Perhaps fittingly, in a 2008 interview with the Topeka Capital-Journal, Gunderson related his love for the broadcast business and how long he might last.

“It's still fun to me to come to work,” he said then, at 76 years old. “Probably by the time I’m 80 I might decide that that's enough.”

He was 81 years old and worked right up until last month (April) when his health declined. He passed away on May 19 and would have marked 58 years on the job as the station celebrates its 60th anniversary this fall.

It was Nov. 9, 1955, when Gunderson, fresh out of the Navy (where he served as an electronics technician), was looking for a radio-engineering job to earn money for college. The local WIBW Radio had no openings, but sister TV station WIBW-TV did. Gunderson went on to oversee the station’s move from black/white to color, analog to digital, then to high definition broadcasting.
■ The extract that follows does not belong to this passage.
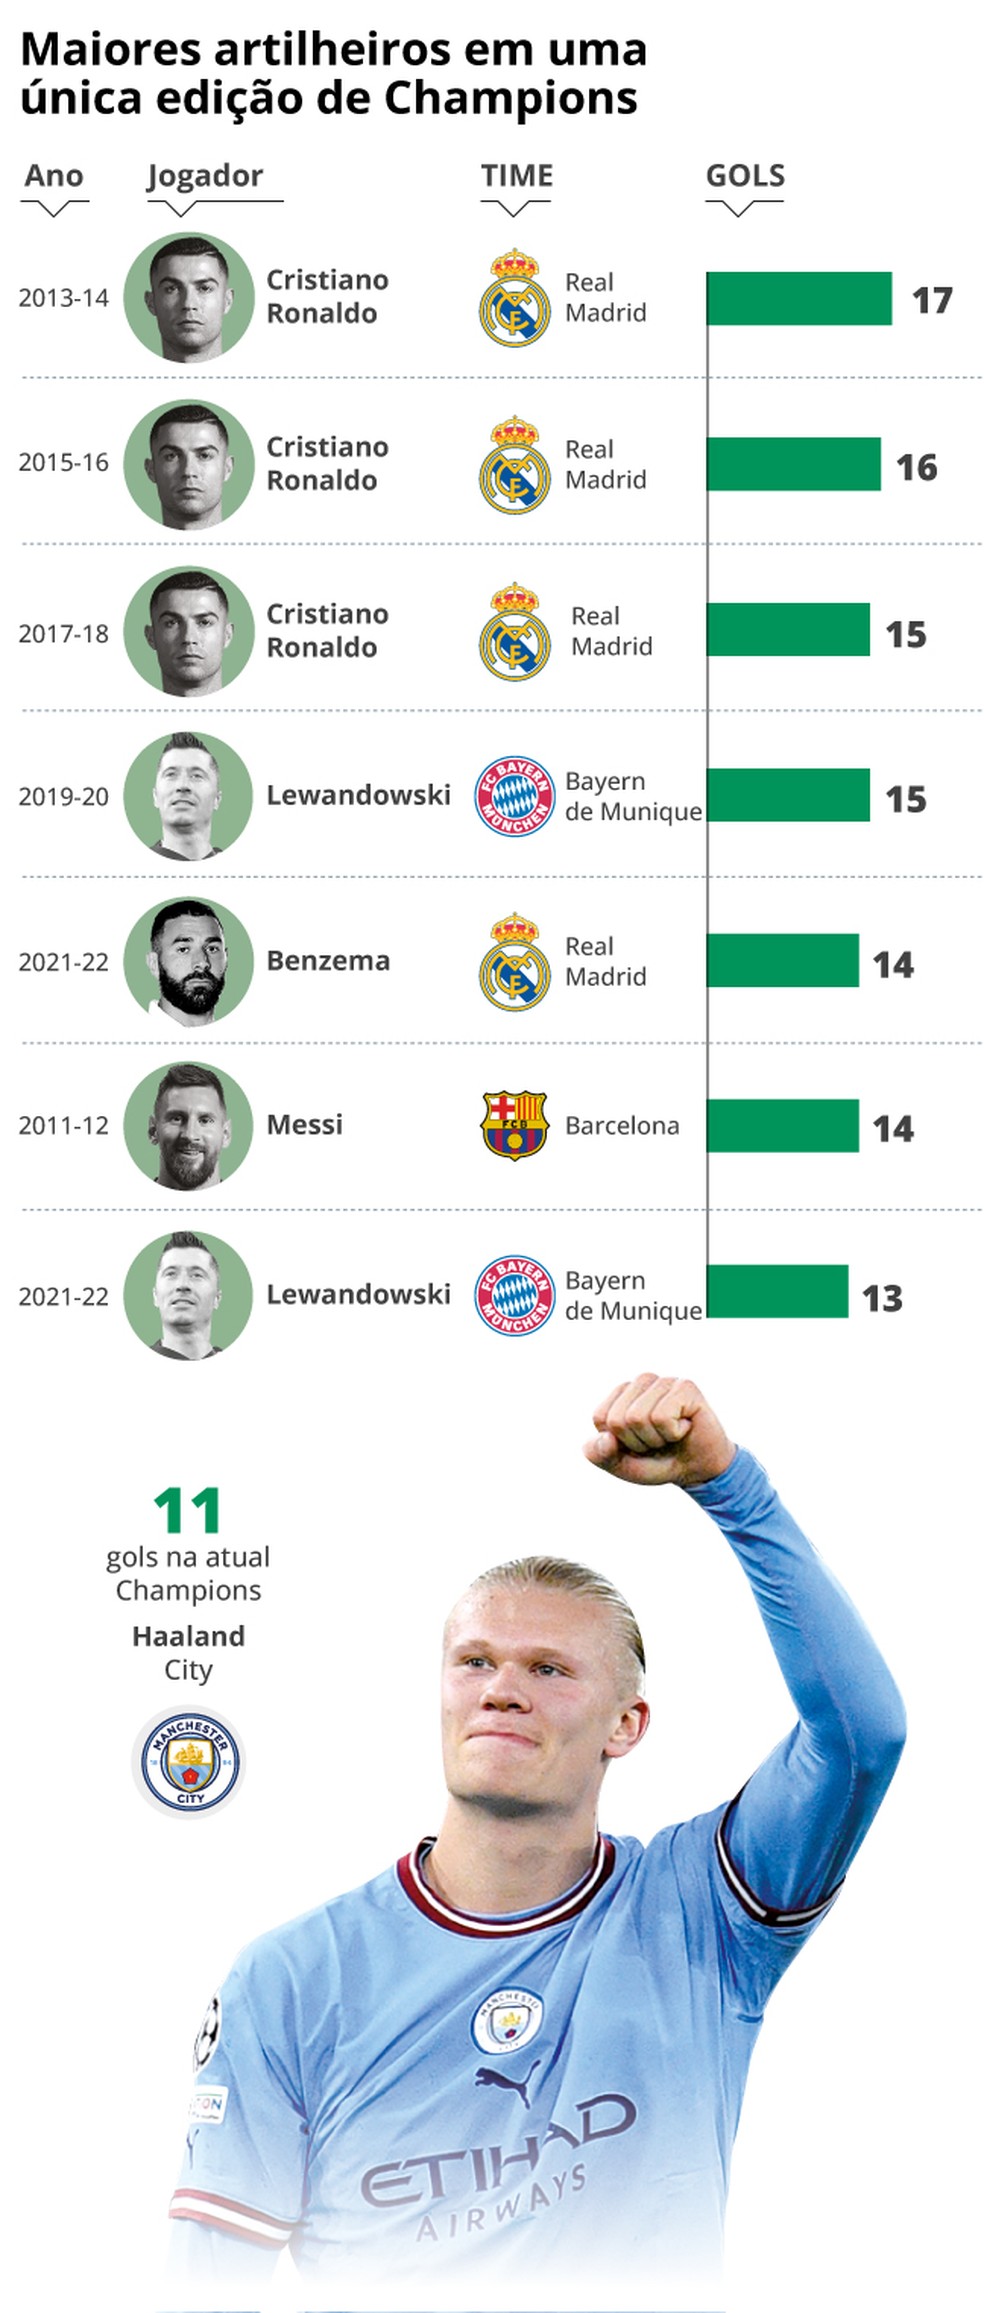 Quem são os maiores artilheiros da história da Champions League

“[My boss at the time] asked if I had any experience in television,” Gunderson said in a 2004 interview, while being inducted into the Kansas Association of Broadcasters Hall of Fame. “I said no. He said ‘do you want to learn?’ And I said ‘that would be all right.’”

Today WIBW-TV broadcasts a digital signal on VHF channel 13 (it is the only commercial station in Topeka on the VHF band) and augments that with a digital translator on UHF channel 44. The station has dominated the market for as long as records have been kept and claims many technical firsts in the market. It was the first to broadcast in color, the first to use a live microwave truck, and is currently the only Topeka station with an ENG live truck. On February 23, 2012, beginning with its 6 p.m. newscast, WIBW-TV became the first television station in Northeast Kansas to broadcast its local newscasts in high definition.

“A couple years after I started, I got an offer for another job,” Gunderson said, “but, going to school, I thought I'll just stay. And I stayed and I stayed.”

For 35 years, Gunderson served as WIBW's chief engineer. More recently he served as the station’s satellite coordinator. Known for his ingenuity, when the station began broadcasting horse races from Ruidoso, New Mexico, Gunderson and his fellow engineers found a spot for the dish to send out the signal—on a mountainside, behind the trailer home of a man who let them plug into his outlet for power.

When the phone company wanted to charge $50,000 to relay a signal for televised Landon Lectures from Kansas State University, Gunderson and the crew found another option.

“They came up with the idea of putting a bus in the middle of a field in the Flint Hills and then it would relay the signal from Manhattan to there, to the station,” Jim Hollis, the station’s former news director, said.

The mid 1980s brought remote satellite technology to Topeka with Elmer literally driving the satellite remote truck, logging more than 200,000 miles to cover everything from the Miss America Pageant in New Jersey, to San Diego and New Orleans for Super Bowls. He even covered the 2008 NCAA Men's National Championship Game in San Antonio.

The station’s former general manager, the late Jerry Holly praised Gunderson's knowledge in his hall of fame tribute speech in 2004.

“He’s forgotten more than most people ever learned and he’s proven it over and over,” Holly said.